Godfather director Francis Ford Coppola received a ten-minute standing ovation for his self-financed opus Megalopolis at the Cannes Film Festival, despite it being widely panned by critics.
The 85-year-old had been pondering the film for decades and finally realised his138 minute vision, which stars a host of A-listers including Adam Driver, Shia LaBeouf, Aubrey Plaza and Dustin Hoffman.
Coppola, wearing a straw hat and holding a cane, walked the Cannes carpet on Thursday, often clinging to the arm of his granddaughter, Romy Coppola Mars, while the soundtrack to The Godfather played over festival loudspeakers.
After the screening, the Cannes audience stood in a lengthy ovation for Coppola and the film. The director eventually took the microphone to emphasize his movie's ultimate meaning.
“We are one human family and that's who we should pledge our allegiance to," Coppola told the crowd.
However the movie has been met with a far less positive reception from many critics.
“If you love Francis Ford Coppola give this tawdry mess a miss,” ran the headline for the Evening Standard’s one-star review on Friday.
Other reviews ranged from "a folly of gargantuan proportions" to "the craziest thing I've ever seen”.
Peter Bradshaw, for The Guardian, called it "megabloated and megaboring." Tim Grierson, for Screen Daily, called it a "disaster" "stymied by arbitrary plotting and numbing excess.
Writing for The Times, Kevin Maher called it a "head-wrecking abomination" and gave it one star. The Telegraph was much more positive, however, giving it four stars.
Coppola poured $120 million of his own money into the film after selling off a portion of his wine estate. He still needs to agree a deal with a US distributor.
Not unlike Coppola's Apocalypse Now some 45 years ago, Megalopolis arrived trailed by rumors of production turmoil and doubt over its potential appeal to the wider moviegoing public.
What Coppola unveiled defies easy categorisation.
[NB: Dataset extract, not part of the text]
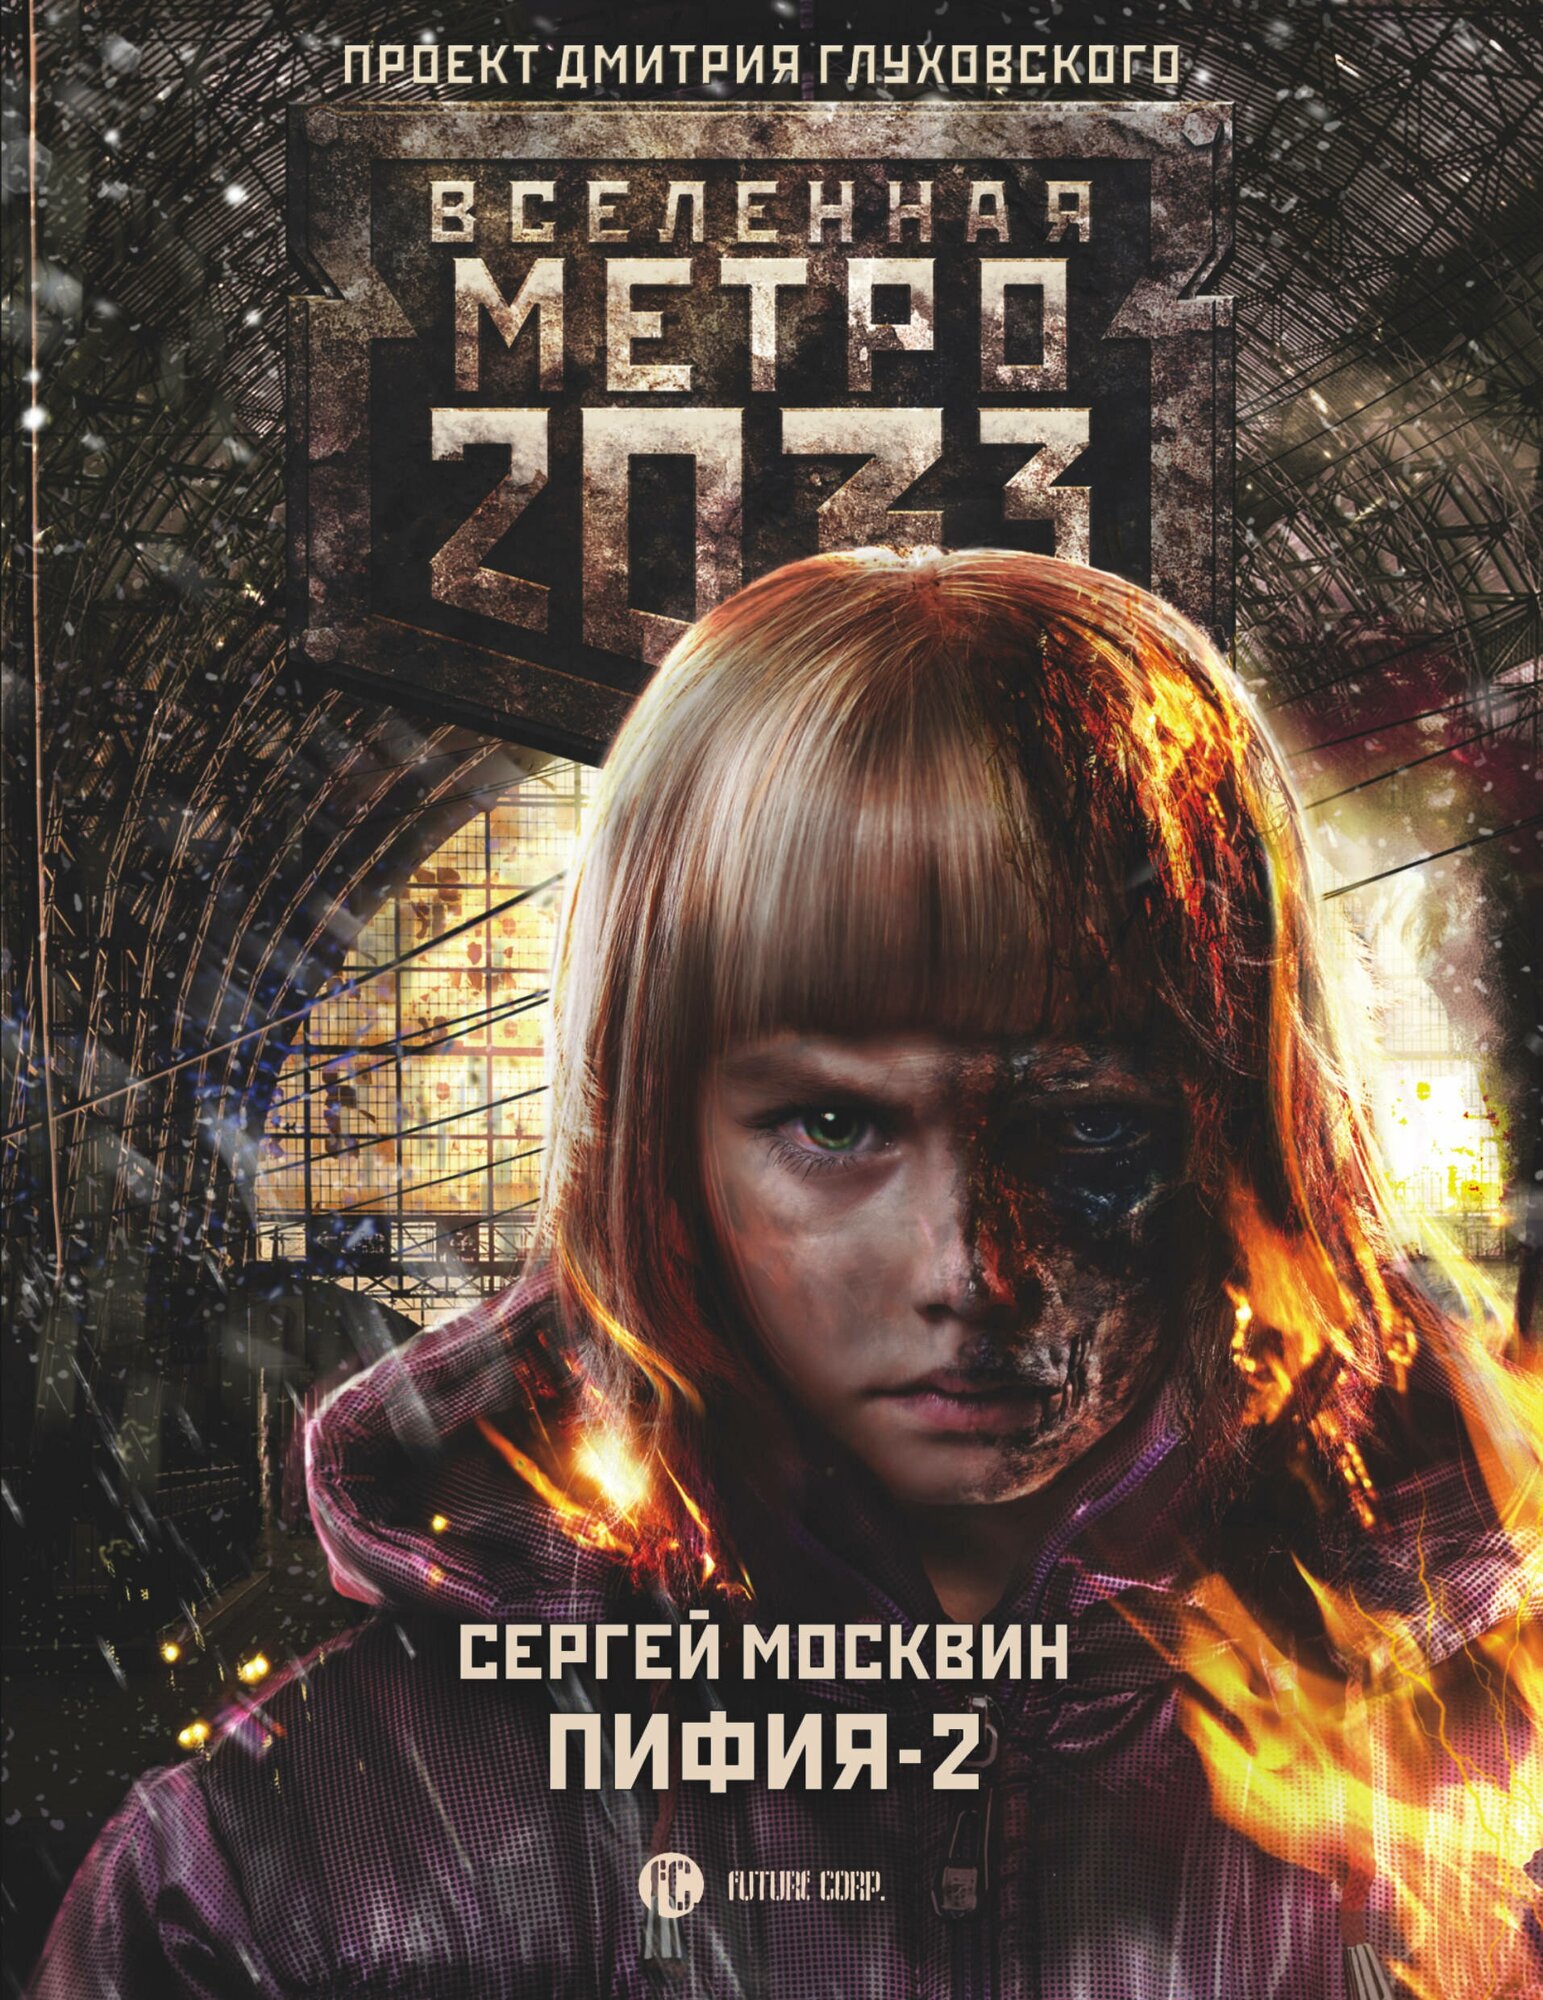 Метро 2033: Пифия-2. В грязи и крови Москвин С. Л.
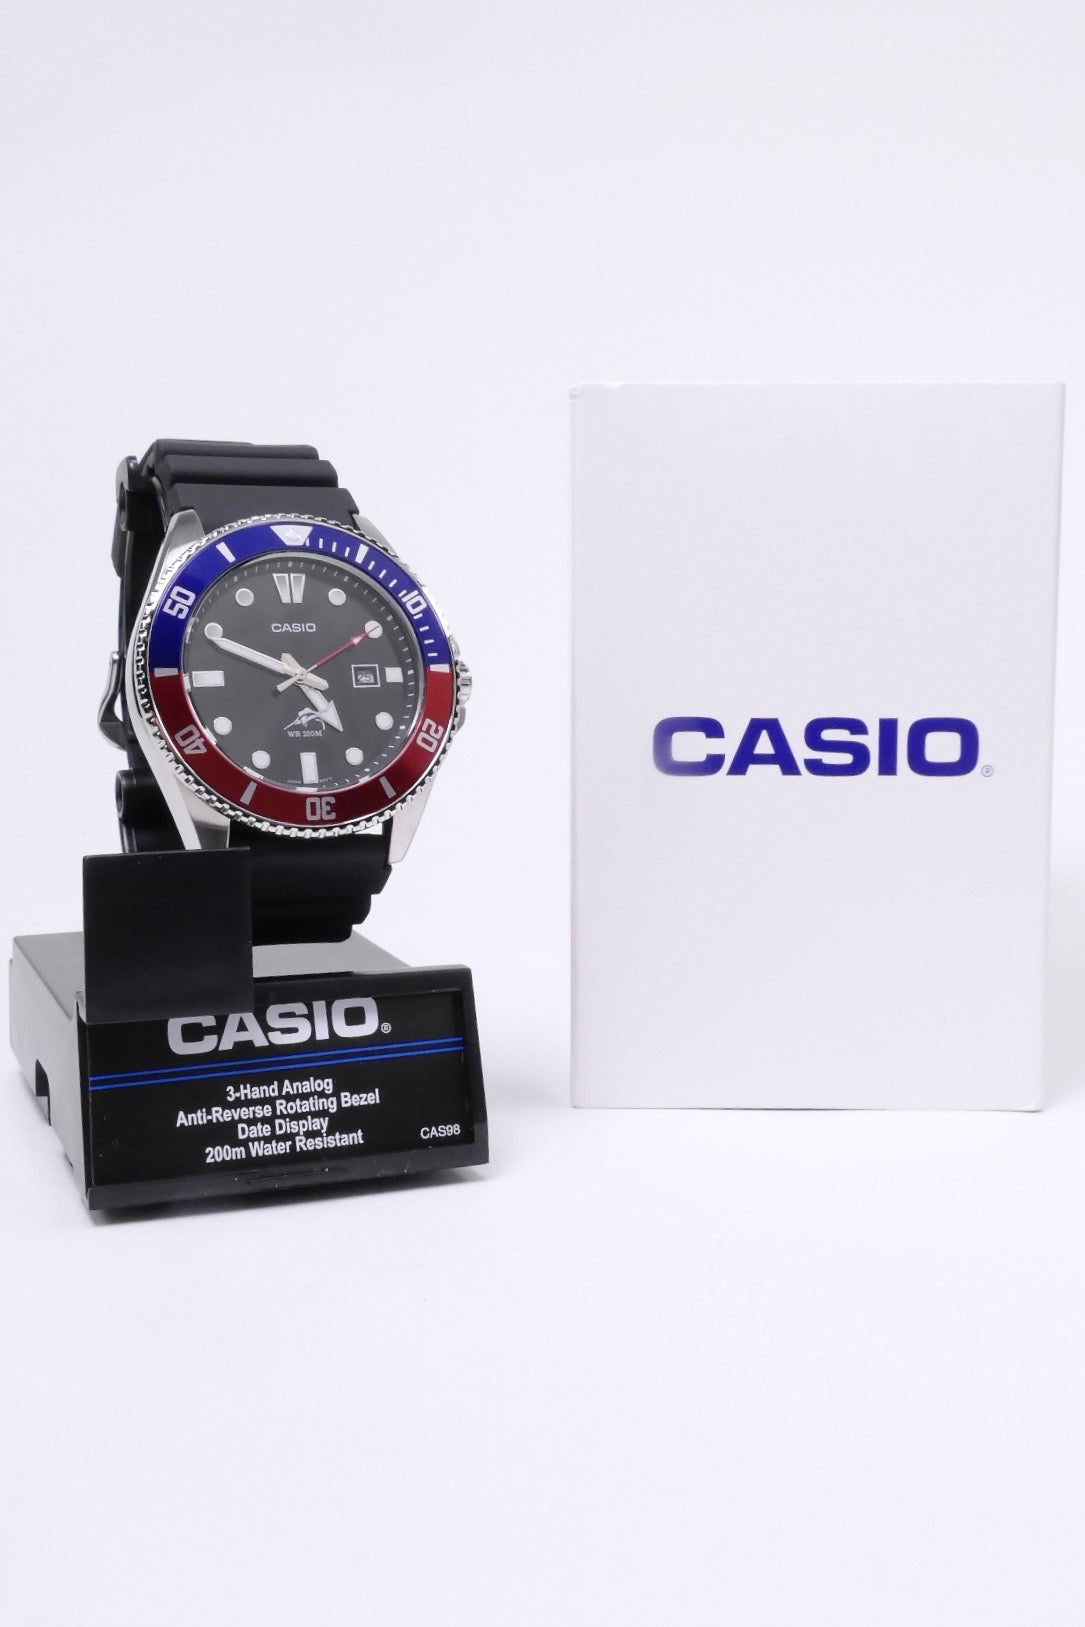 Casio MDV-106B-1A2VCF Watch - Black/Blue/Red

It's a fable set in a futuristic New York about an architect (Adam Driver) who has a grand vision of a more harmonious metropolis, and whose considerable talents include the ability to start and stop time.
Though Megalopolis is set in a near-future, it's fashioned as a Roman epic. Driver's character is named Cesar and the film's New York includes a modern Coliseum.
The cast includes Aubrey Plaza as an ambitious TV journalist named Wow Platinum, Giancarlo Esposito as the mayor, Laurence Fishburne as Cesar's driver (and the film's narrator) and Shia LaBeouf as an unpleasant cousin named Claudio.
Megalopolis is dedicated to Eleanor Coppola, the director's wife who died last month.